Reproduce precisely the lines of the material below from the line containing "Paysage typique toscan" up to and including its last line. Pictures must not be copied.
DATA PROVIDED START
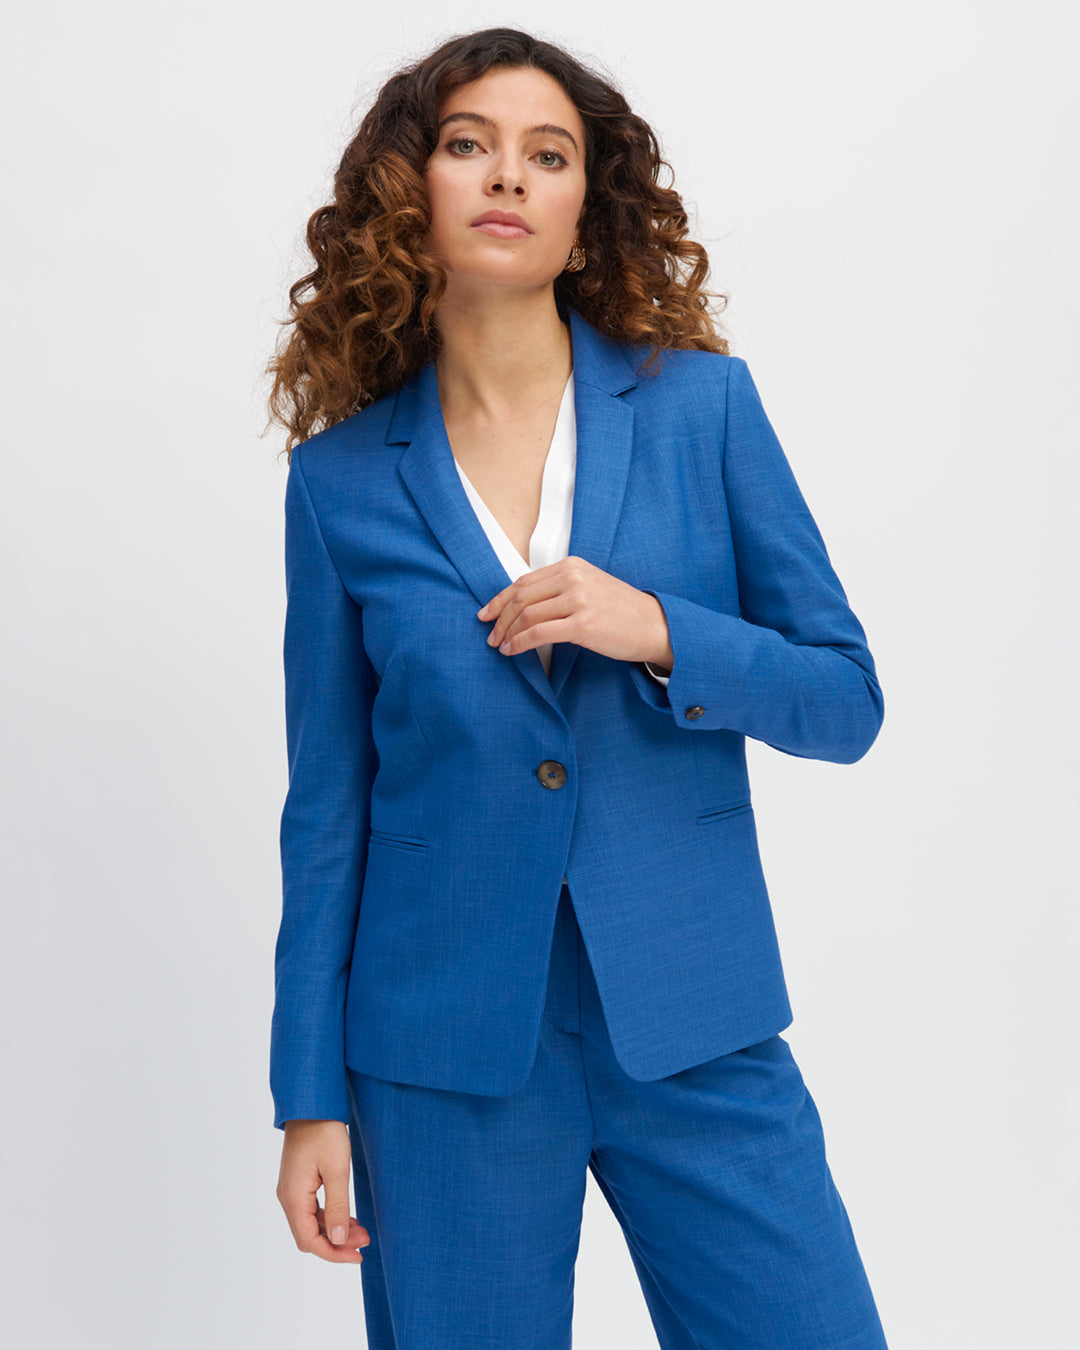 Paris suit jacket - Azure blue
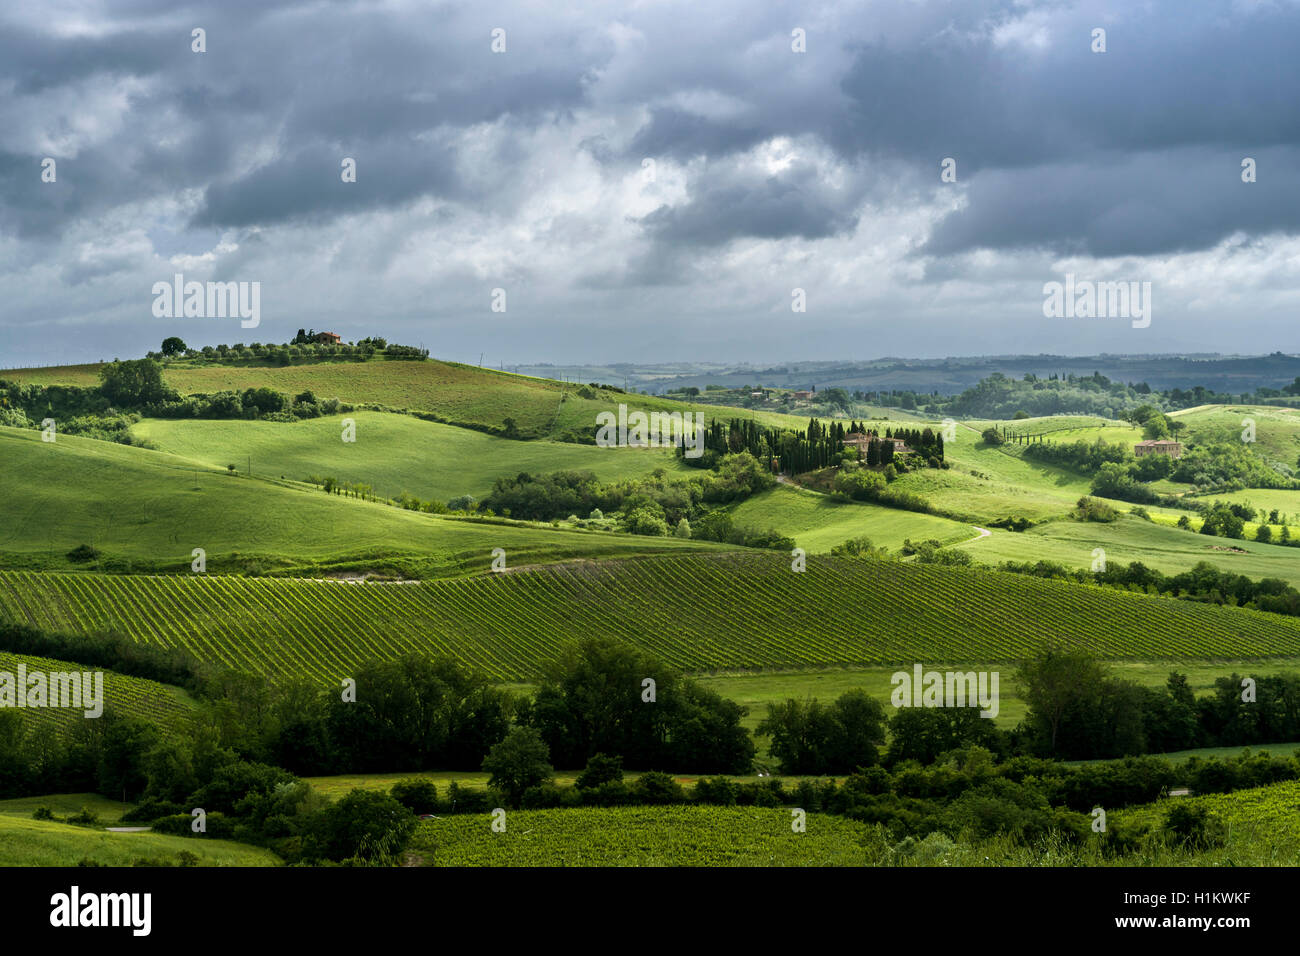 Paysage typique toscan vert dans le Val d'Orcia, avec des collines, champs, arbres, vignes, oliveraies et ciel nuageux Banque D'Images
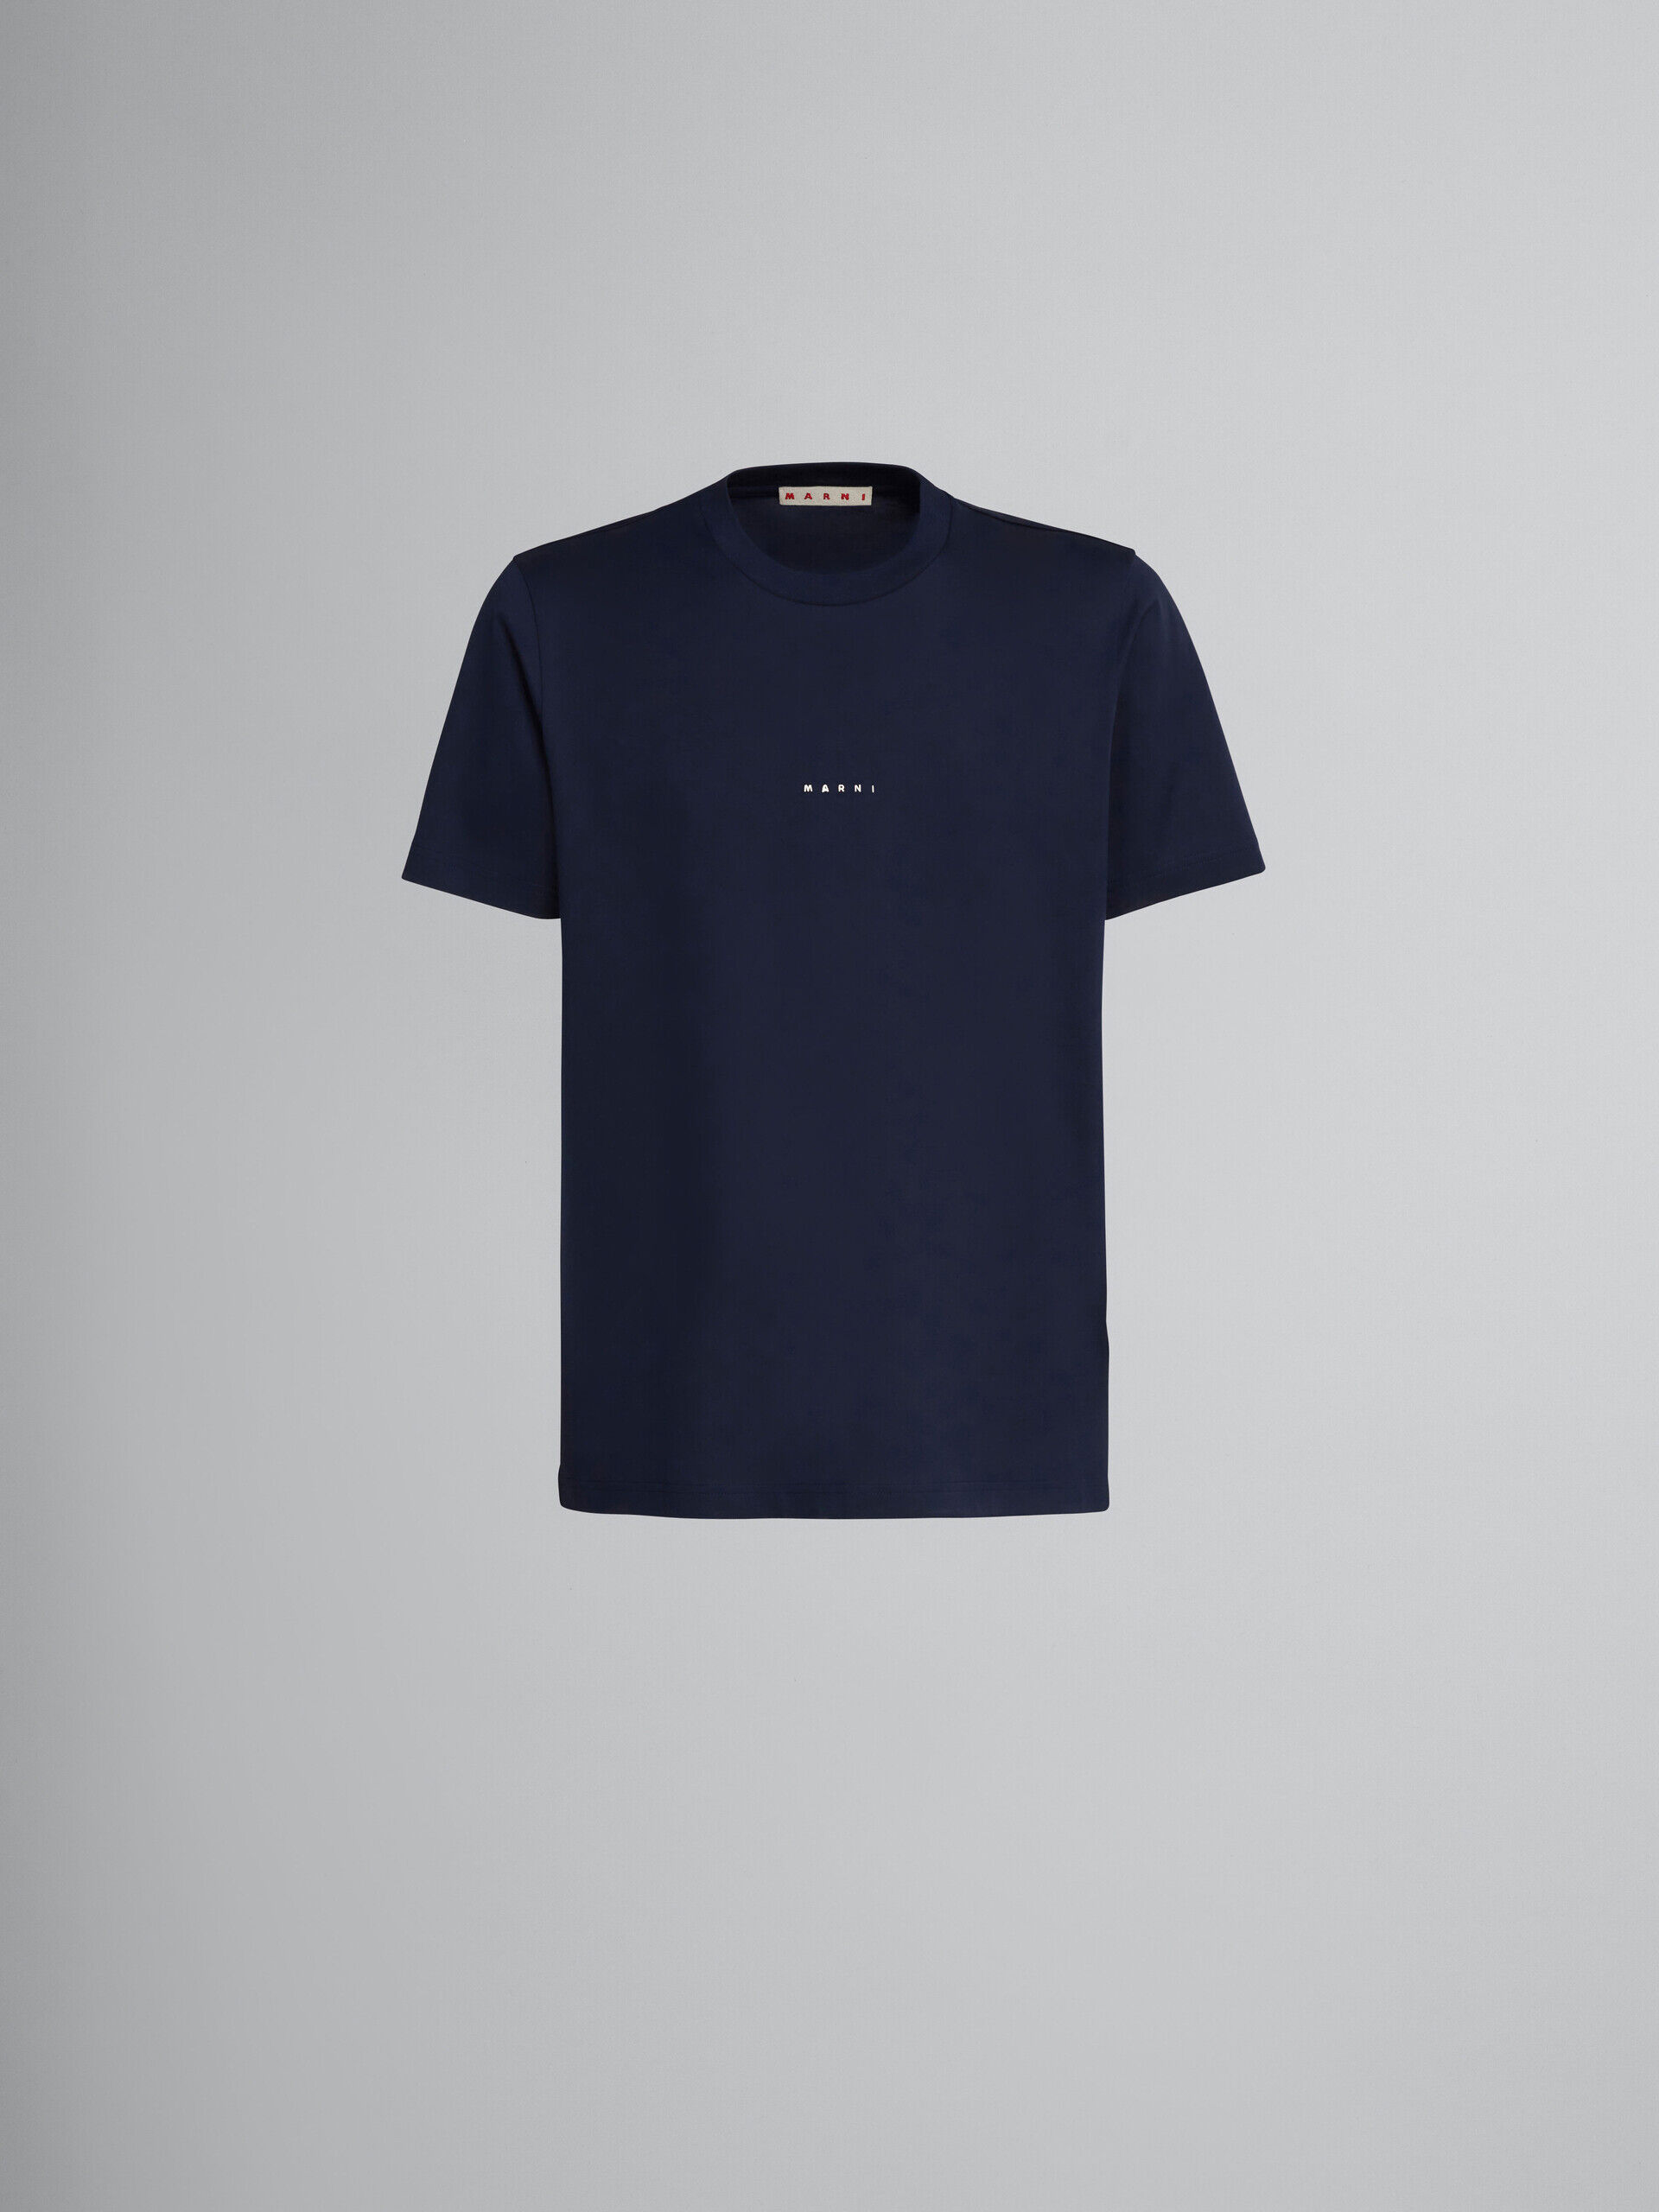 ダークブルー ロゴ入り オーガニックコットン製Tシャツ | Marni
DATA PROVIDED END
**EXERCISE RESULT**
 Paysage typique toscan vert dans le Val d'Orcia, avec des collines, champs, arbres, vignes, oliveraies et ciel nuageux Banque D'Images
 ダークブルー ロゴ入り オーガニックコットン製Tシャツ | Marni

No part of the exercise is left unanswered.